Brief: In the entries below, find the line with "Gothic armchair for" and the line with "All models have", then retype both and everything between them exactly. Do not copy the pictures.

Data excerpts:

^^^^^^^^

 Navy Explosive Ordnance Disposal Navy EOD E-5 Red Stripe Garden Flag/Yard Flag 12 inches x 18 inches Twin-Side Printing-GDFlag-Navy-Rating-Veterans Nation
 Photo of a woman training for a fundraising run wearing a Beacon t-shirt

^^^^^^^^

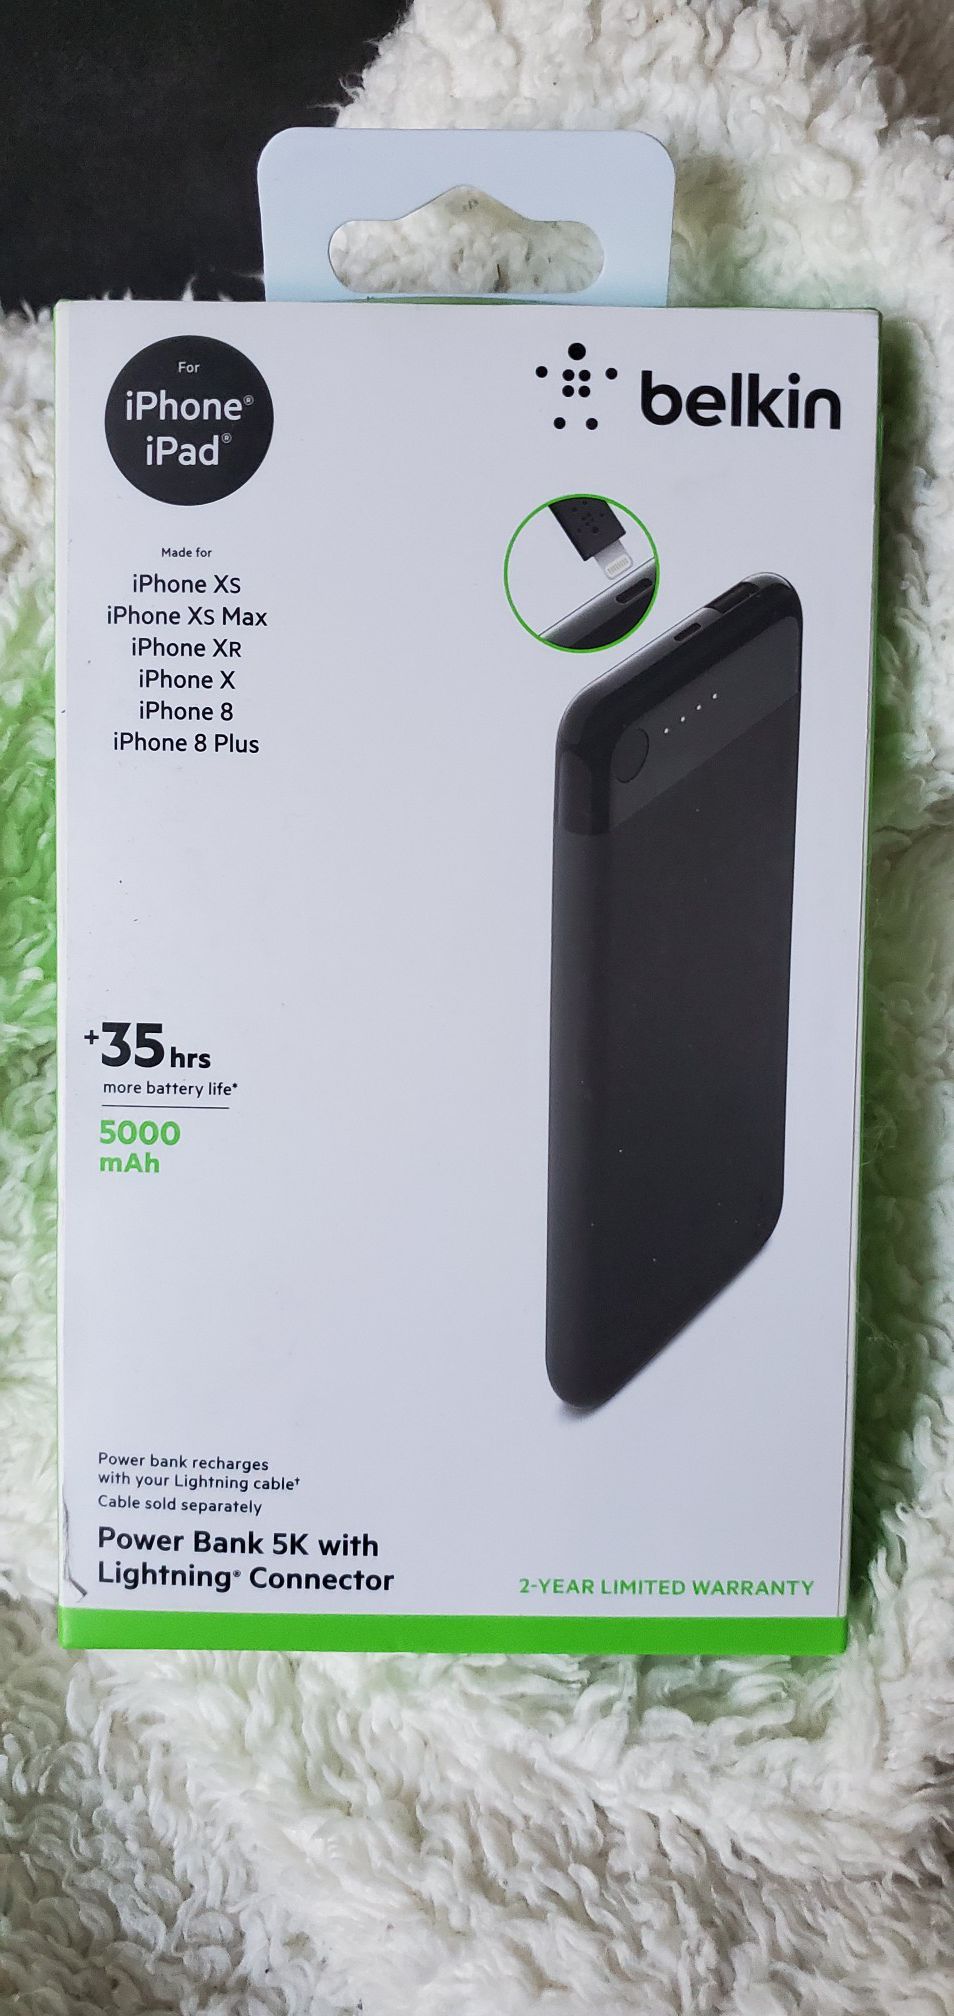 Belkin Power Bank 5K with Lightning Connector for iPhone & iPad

^^^^^^^^

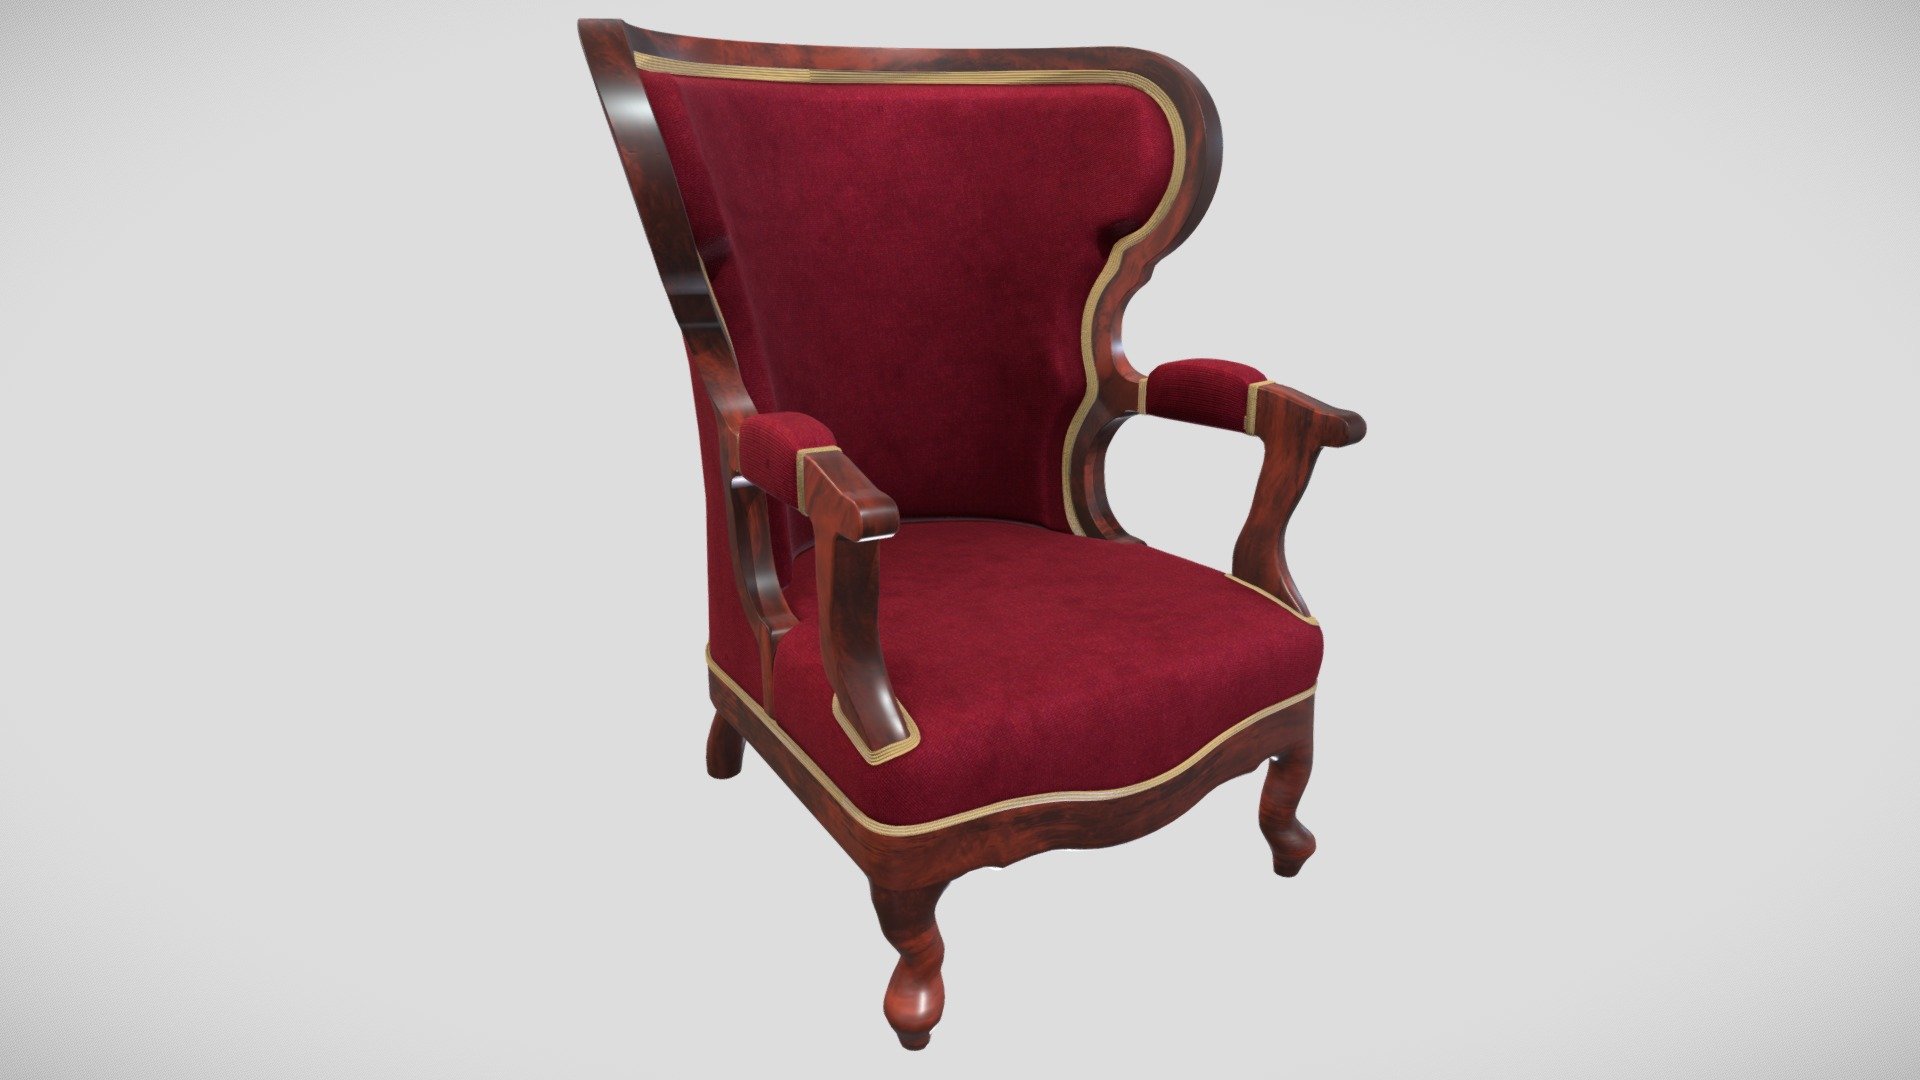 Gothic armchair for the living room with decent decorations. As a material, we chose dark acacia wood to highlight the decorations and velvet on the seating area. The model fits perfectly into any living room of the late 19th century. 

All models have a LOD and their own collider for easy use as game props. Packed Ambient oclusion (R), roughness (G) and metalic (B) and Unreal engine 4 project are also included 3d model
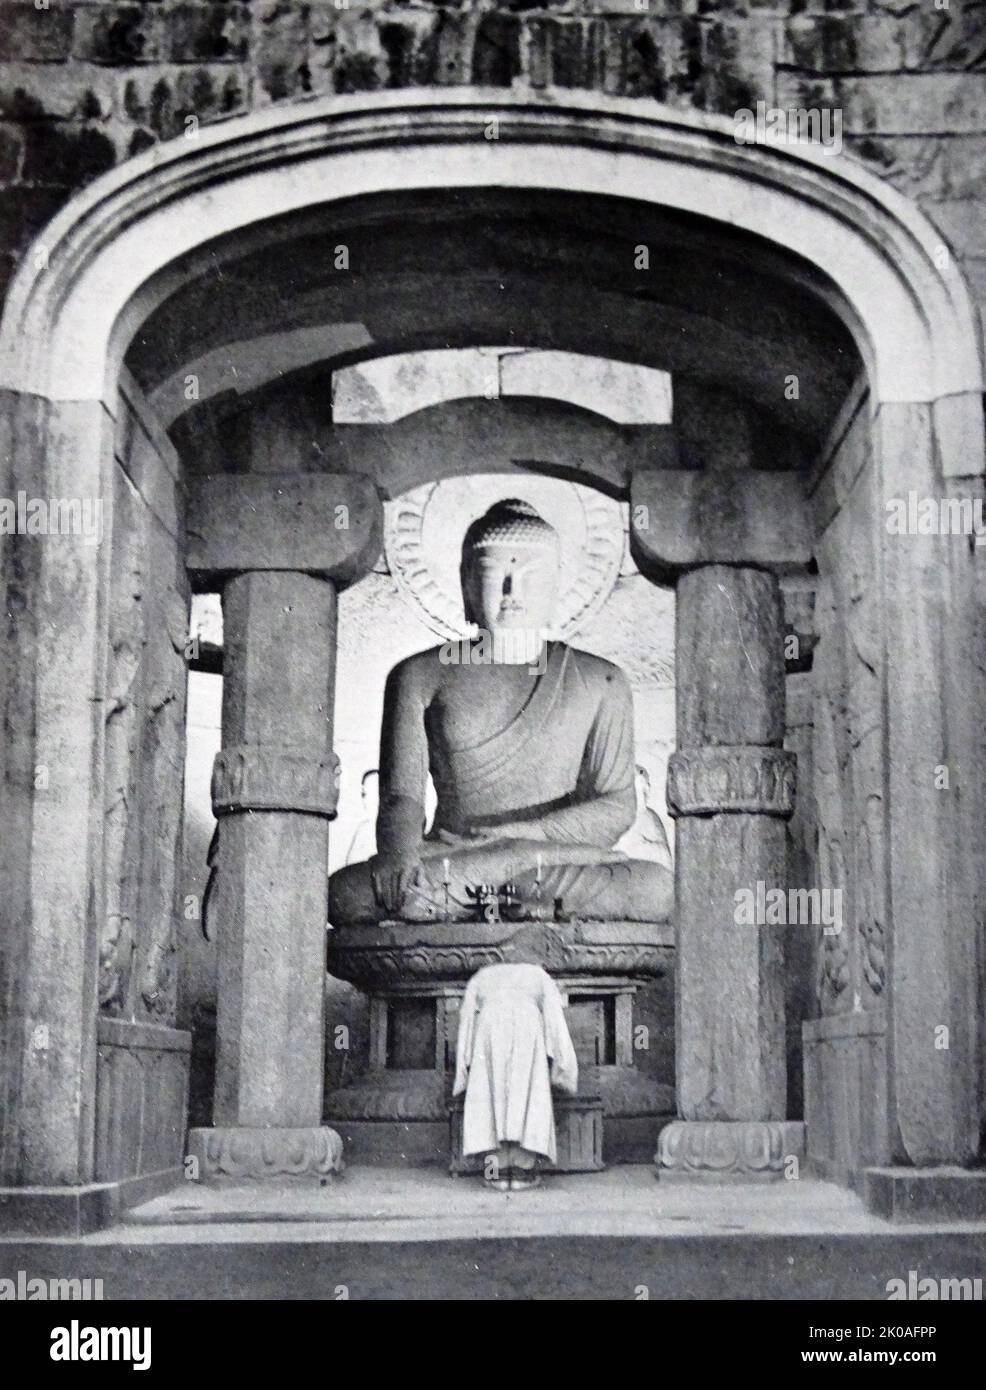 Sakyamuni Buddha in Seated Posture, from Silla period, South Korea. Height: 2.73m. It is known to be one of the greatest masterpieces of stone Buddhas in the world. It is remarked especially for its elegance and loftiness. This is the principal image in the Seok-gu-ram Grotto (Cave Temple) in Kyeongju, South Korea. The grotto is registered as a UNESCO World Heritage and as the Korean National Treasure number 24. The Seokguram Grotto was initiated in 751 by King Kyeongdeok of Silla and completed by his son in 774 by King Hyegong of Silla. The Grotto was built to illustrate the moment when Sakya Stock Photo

^^^^^^^^

Task answer:
 Gothic armchair for the living room with decent decorations. As a material, we chose dark acacia wood to highlight the decorations and velvet on the seating area. The model fits perfectly into any living room of the late 19th century. 

All models have a LOD and their own collider for easy use as game props. Packed Ambient oclusion (R), roughness (G) and metalic (B) and Unreal engine 4 project are also included 3d model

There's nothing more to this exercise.